── Data provided ──

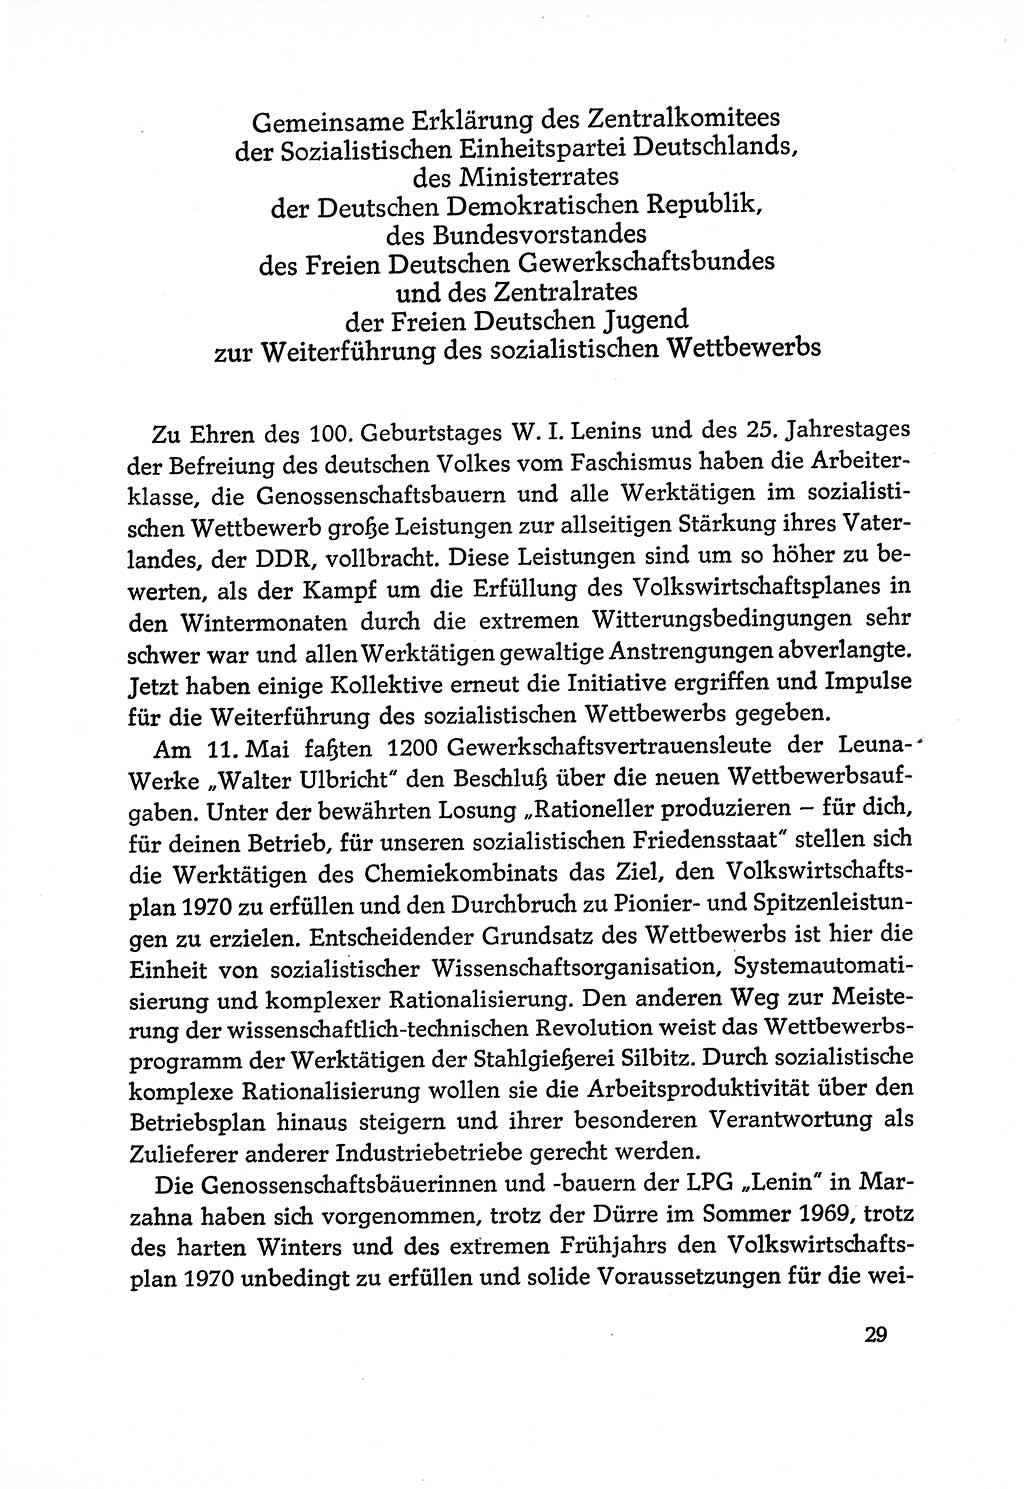 Dokumente der Sozialistischen Einheitspartei Deutschlands (SED) [Deutsche Demokratische Republik (DDR)] 1970-1971, Seite 29 (Dok. SED DDR 1970-1971, S. 29)
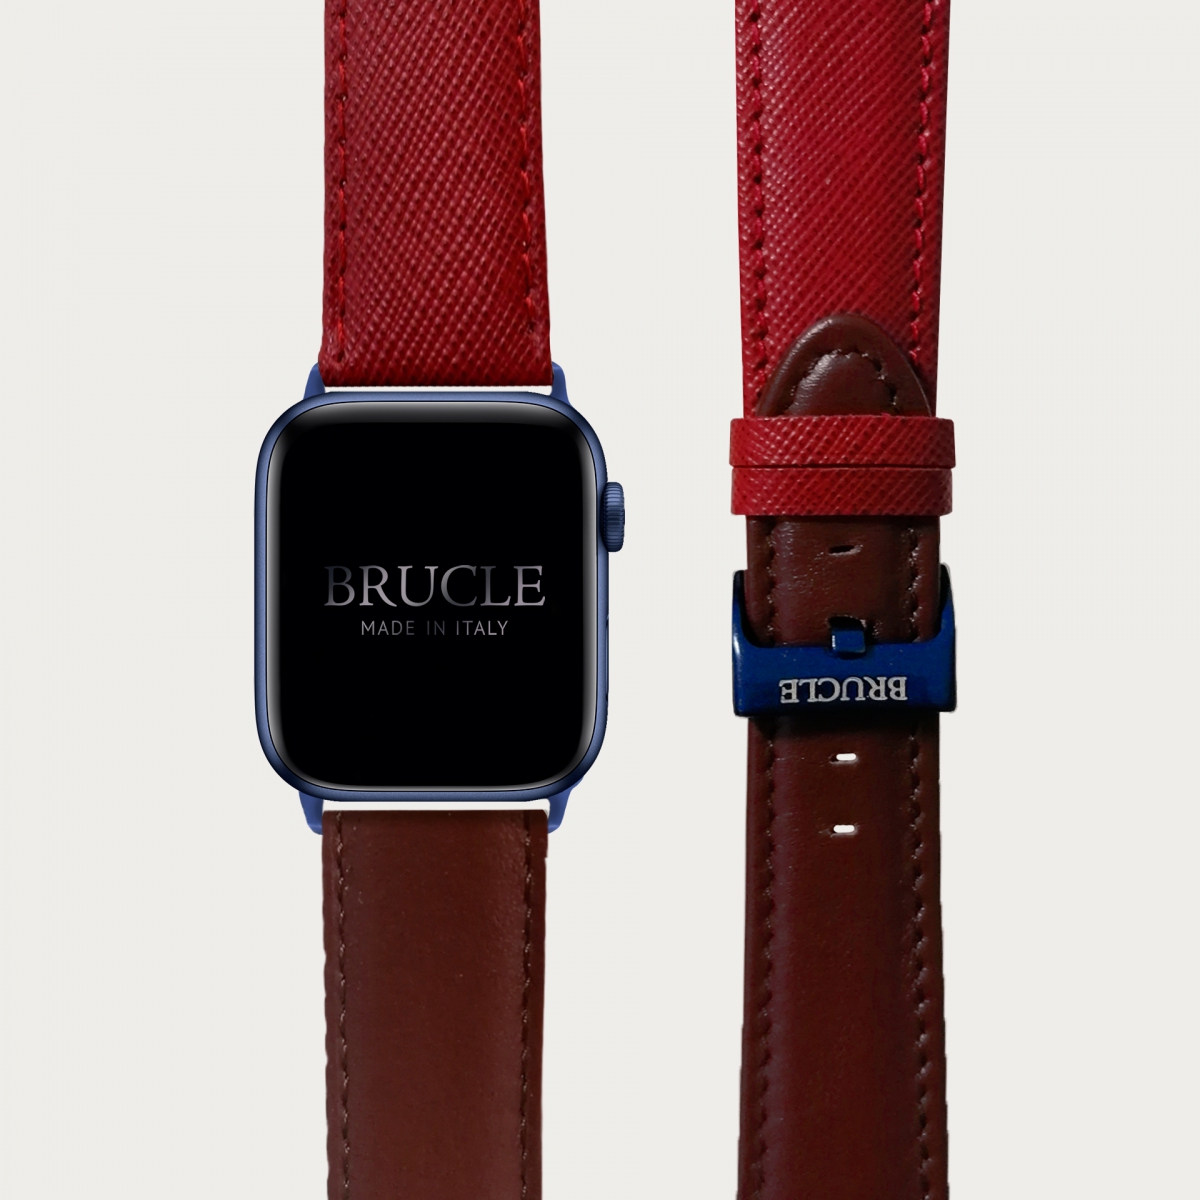 BRUCLE Cinturino bicolor in pelle stampata per orologio, Apple Watch e Samsung Galaxy Watch, saffiano rosso e marrone inglese
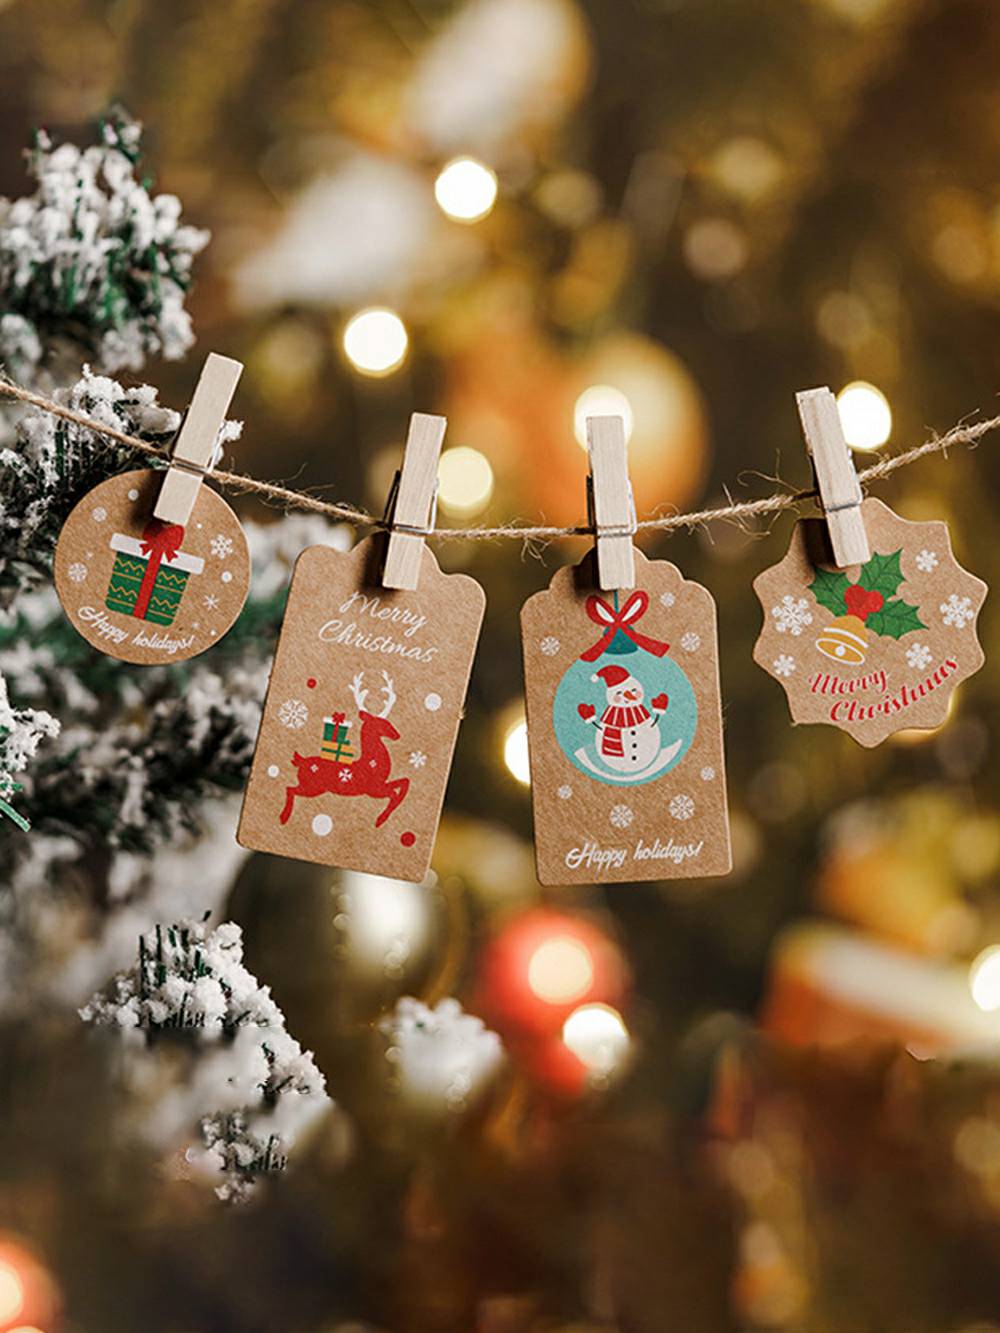 Etichette per decorazioni natalizie - Carta regali per le feste

───

* [About this exercise] Start at the first line and set down all of the data exactly, passing over the pictures.

* [Result of the task]
 Dokumente der Sozialistischen Einheitspartei Deutschlands (SED) [Deutsche Demokratische Republik (DDR)] 1970-1971, Seite 29 (Dok. SED DDR 1970-1971, S. 29)
 BRUCLE Cinturino bicolor in pelle stampata per orologio, Apple Watch e Samsung Galaxy Watch, saffiano rosso e marrone inglese
 Etichette per decorazioni natalizie - Carta regali per le feste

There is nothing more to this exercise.